Managing Supply Chain Processes
Just as organizations need to coordinate internal functions for processes to run efficiently, they must do so across the supply chain. As the entire supply chain is a collection of processes. Rather than separate organizations and functions, the focus is to manage them across the entire supply chain. This requires process thinking and requires managers to view the process as a system designed to satisfy customer needs.
There are two differing views on how to manage processes across the supply chain. The first is the transactional view that focuses on making supply chain processes more efficient and effective based on quantitative metrics. This can be achieved through supply chain network redesign to promote speed and eliminate redundancy. By standardizing transactions to improve efficiency, and by implementing better information technology to improve the transfer of information and improve accuracy.
The second, the relationship view, is focused on managing relationships across the supply chain. This involves managing relationships between people and organizations and linking-up processes across organizations of the supply chain. For example, this might mean managing the order fulfillment process throughout the entire chain coordinating with suppliers and measuring performance along the chain. This also means that managers from each organization who are part of the process coordinate activities, work toward common goals, and have a common language.

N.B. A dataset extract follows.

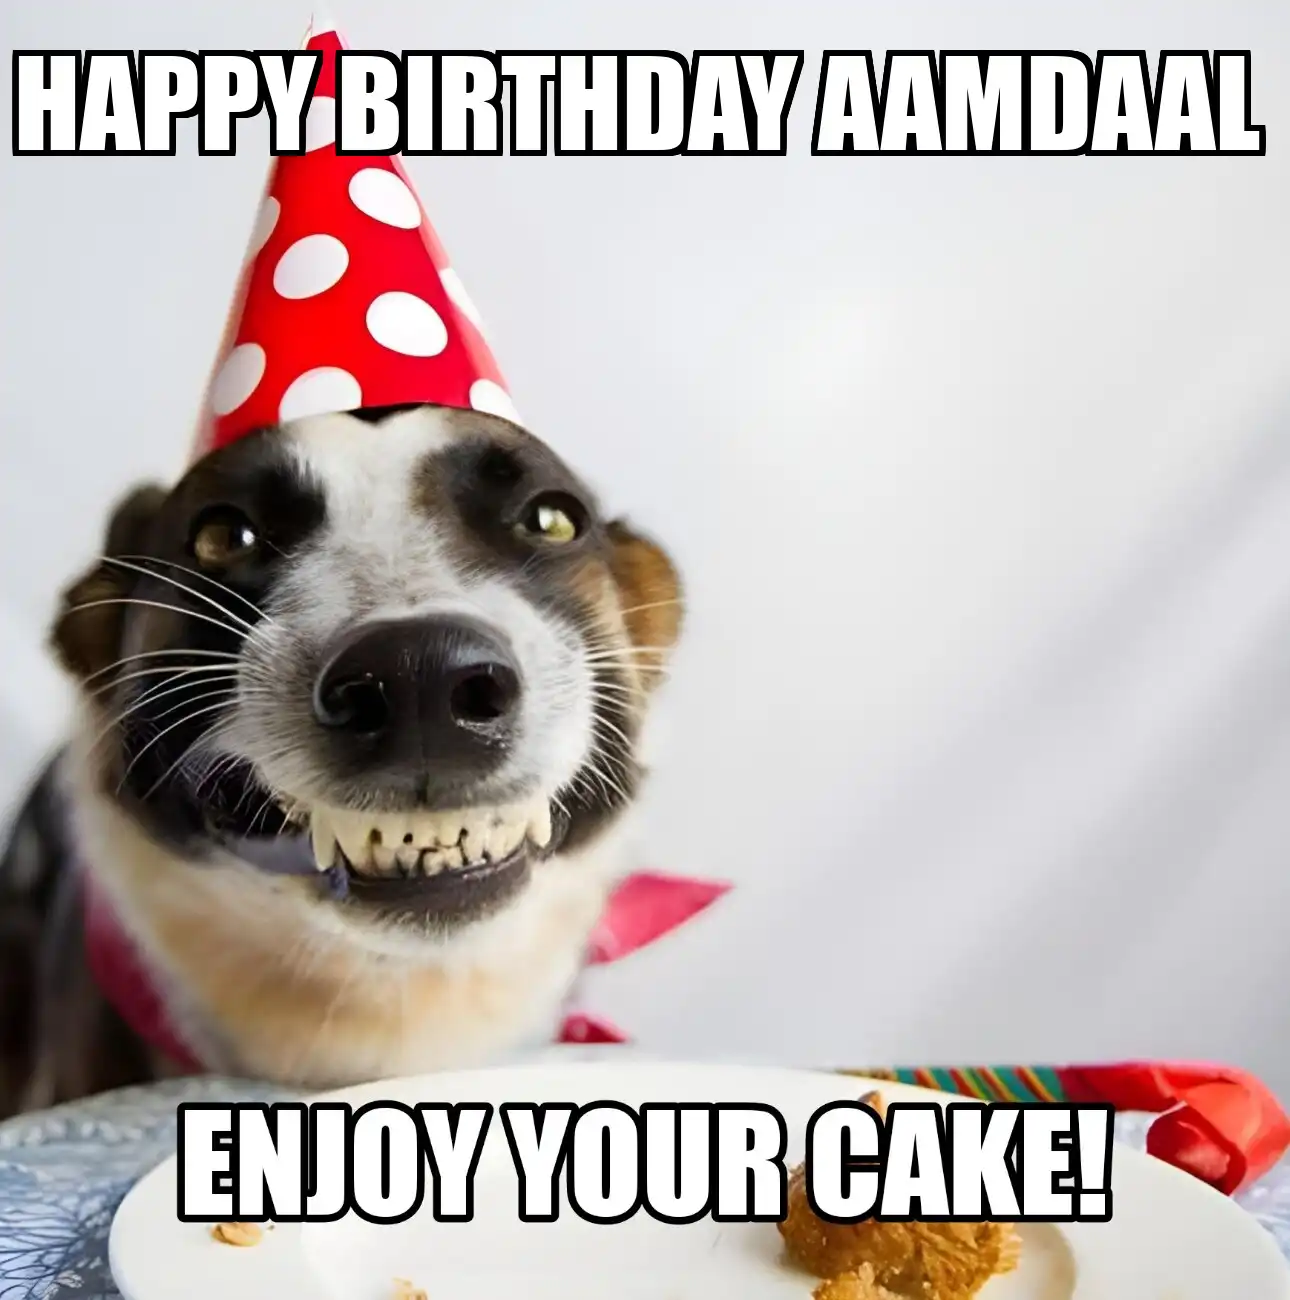 Happy Birthday Aamdaal Enjoy Your Cake Dog Meme

Each approach to managing processes across the supply chain has its advantages. With the first, the focus is to make supply chain transactions more efficient and effective based on measurable metrics. The second, objective is to structure interfirm relationships in the supply chain for the long-term benefit of all the supply chain members.
This requires a joint vision and partnering. Ultimately the best way to manage processes across the supply chain is to use both approaches—focus on efficiency of transactions and create long-term interfirm relationships.
Once again consider ASICS. It focused on both approaches. It first brought efficiency to the distribution network by balancing ﬂows through the network. It also relied on its relationship with its 3PL provider to take over some duties and handle the “overﬂow” of goods.